聽見方牧回來從屋裏走出來的方措,看見幾乎吊在方牧身上的小桃花眼,面無表情地看了他一眼。他不是方子愚,他學不來他的沒心沒肺,過早成熟的心智也讓他即便心裏想去親近,也總是習慣性的克制,再加上方牧也不是個容易親近的人,只要他嘴角哂笑著往上一牽,斜著眼睛看他一眼,他就不敢輕舉妄動了。他在內心深處依舊將自己當成一個可有可無的人,這樣的親昵,是自己沒有資格獲得的。

他瞧不上方子愚這種幼稚的行為,但心裏面又有著隱隱的羨慕和嫉妒,這種覆雜的情緒讓他極其看不慣方子愚——小馬屁精!

方牧不知道小崽子心裏所想,只將燒烤往桌子上一放,一手輕松地提拎起扒著自己的小桃花眼,放到椅子上,回頭招呼方措,“趕緊過來吃,吃完了睡覺。”

烤串一路帶過來已經有點兒涼了,但兩個半大孩子都正是長身體的時候,誰也沒在意。

正吃得投入呢,方子愚這想起一出是一出的熊孩子忽然停止了進食,一雙桃花眼直勾勾地望著前方虛空的一個點,半晌,有些飄忽的聲音響起,“小叔,你說我爸媽真的會離婚麽?”

“會。”方牧毫不猶豫地給出自己的答案,絲毫不顧及小孩脆弱的承受能力。

這個字一蹦出口,方子愚的小桃花眼迅速泛起桃花水,撒氣地將竹簽往桌上一扔,“大人就是無理取鬧,身為他們的兒子,他們要離婚,難道不應該先征求我的意見嗎?”

“得了吧,你出生的時候他們征求過你的意見嗎?”方牧面不改色地往小孩心口補刀。

方子愚小同學想想確實是這麽一回事兒,頓時感到悲憤異常。方牧隨手拿起一串烤雞胗塞到他嘴裏,“多吃點,這麽笨,補腦子的!”

方子愚憤憤地將烤串拿下來,“我受到了傷害。”東西也不吃了,扭頭進了房間。小小少年,首次體會到無能為力,那是他無論撒潑打滾也無法改變的大人的世界,心中終於湧起一種想哭哭不出來的憂愁。

方措見方子愚走了,無聲地換到了離方牧更近的方子愚的位子上,闐黑的眼睛望著方牧。
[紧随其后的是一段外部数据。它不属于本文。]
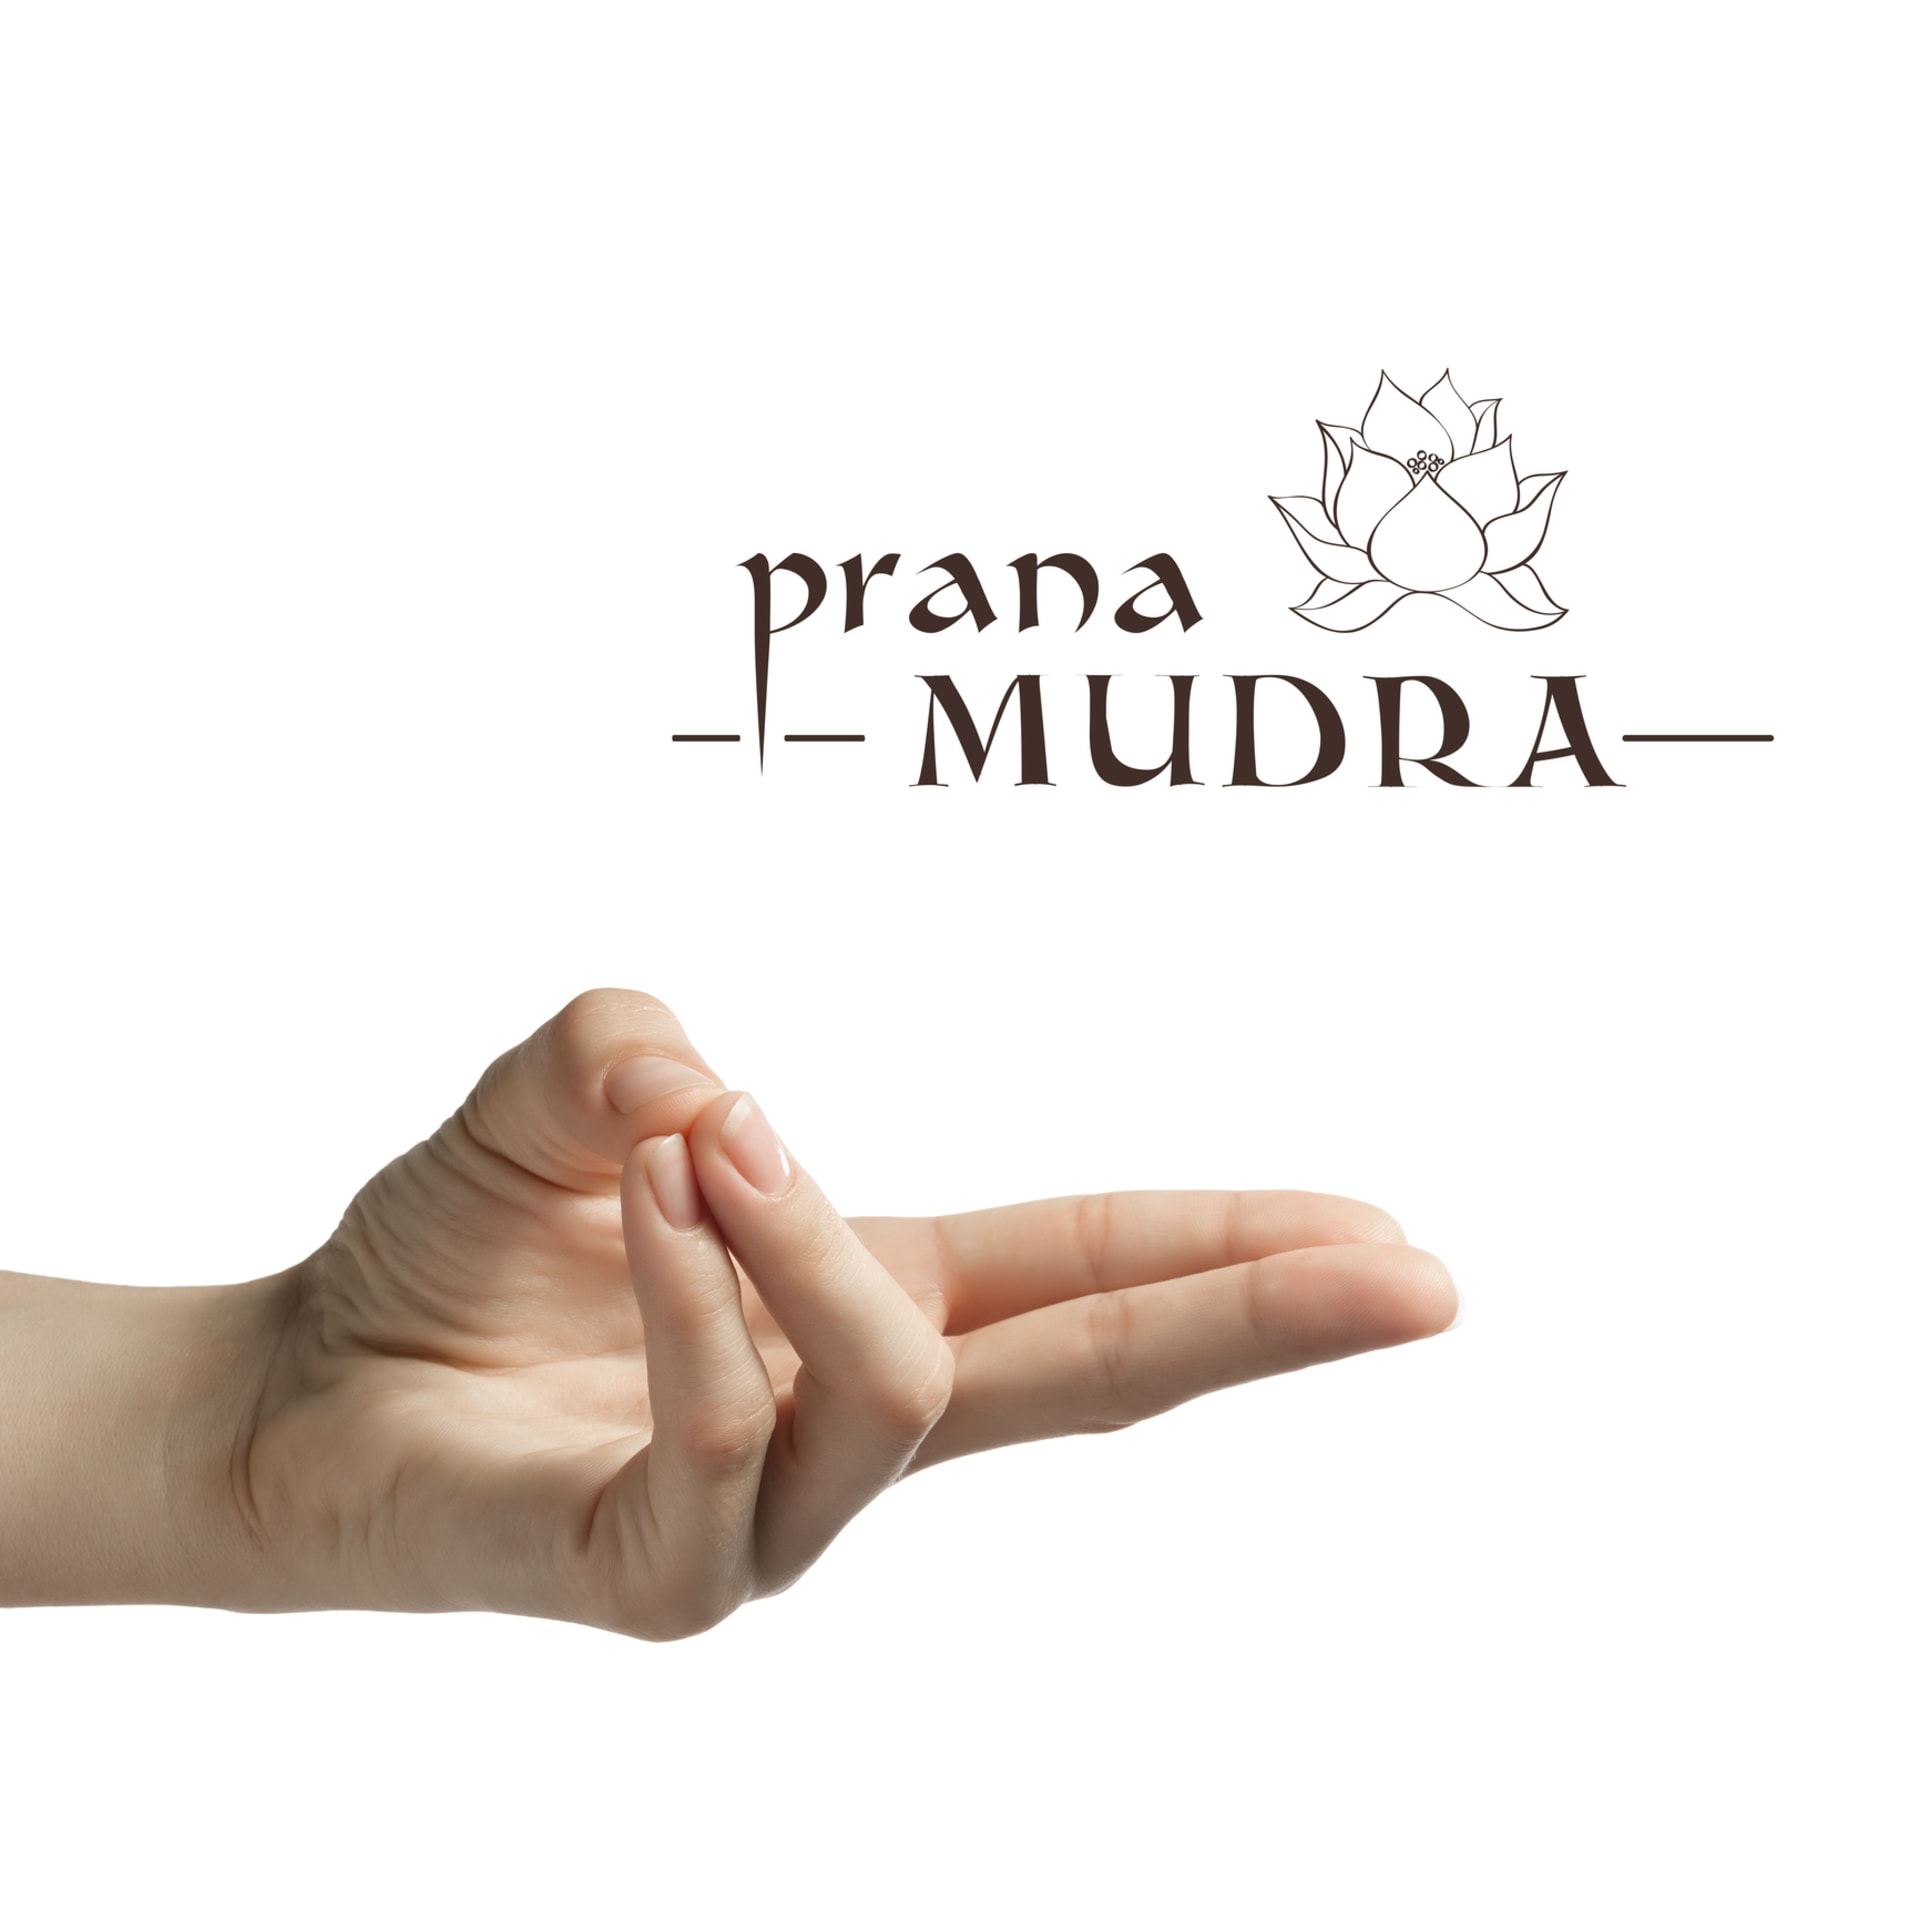 Prana Mudra zvyšuje energii, posiluje mysl, tělo a duši, zlepšuje imunitu a zrak.

方牧擡擡眼皮,“幹什麽?”

方措斟酌了一會兒,才小聲地問出了盤旋在他心頭很久的問題:“如果方子愚的爸爸媽媽離婚了,他會一直住在這兒嗎?”

方牧奇怪地看他一眼,“他有自己爸媽,離婚了也就只有他一個崽,再不濟也還有他爺爺呢,幹嘛住在這裏?”

方措一楞,雀躍頓時湧上心頭,很快如同解藥似的溶解在他的血液裏,驅散他心頭的不安。是呀,方子愚有自己爸媽,有很多人愛他,願意疼他養他,不像他,只有方牧,方牧是他一個人的。

這種獨占欲在他心底紮根並且迅速生長,方措自己也嚇了一大跳,不明白怎麽會冒出這樣念頭,他有些惶恐,但卻怎麽也壓制不了這樣瘋狂的想法。

方牧瞧著少年臉上的神色變來變去,還以為這孩子這幾天因為臨近中考壓力大呢,擡手覆上他的額頭試體溫,嘴上問:“怎麽了?身體不舒服?”

方牧的掌心布滿陳年老繭,粗糙得甚至有些堅硬,但幹燥而溫暖,這樣毫無征兆地貼上方措的額頭,方措本能地想要後退,卻以強大的意志將雙腳釘在了地上。

很多年了,隨著方措年紀越來越大,兩人之間本來就少得可憐的肢體接觸幾乎都不見了。方措是有意識地控制自己,似乎認為已經長大的自己再如同小時候那樣依賴方牧是一件很羞恥的事。方牧的掌心在他額上,他一動不敢動,只感覺全身的血液都在湧向耳朵,小聲地回答,“沒有。”

方牧卻誤會了方措那些細微的小動作,心裏罵一句,小兔崽子,前些年還光屁股遛鳥,現在倒是連碰都不給碰一下了。收回手,難得和顏悅色道,“行了,早點睡,學習不要太累了。”

方措紅著耳尖,點點頭。

方牧拿起一串已經冷掉羊肉串,啃了一口,忽然想起什麽,問:“你考試什麽時候?”

方措不明所以,“下周三。”

方牧點點頭,“這回考完,帶你出去玩兒。”

方措楞了楞,似乎有點不敢置信,兩只眼睛直勾勾地望著方牧,眼珠子亮得能當探照燈。方牧被他的樣子逗樂了,鋒利的眉眼舒展開來,柔和下來,連綿的笑意點亮整張英俊的臉,如同小時候那樣,伸手胡亂地擼了把方措的腦袋,直把他的頭發都揉亂了,才故意沈下臉,“行了,睡覺。”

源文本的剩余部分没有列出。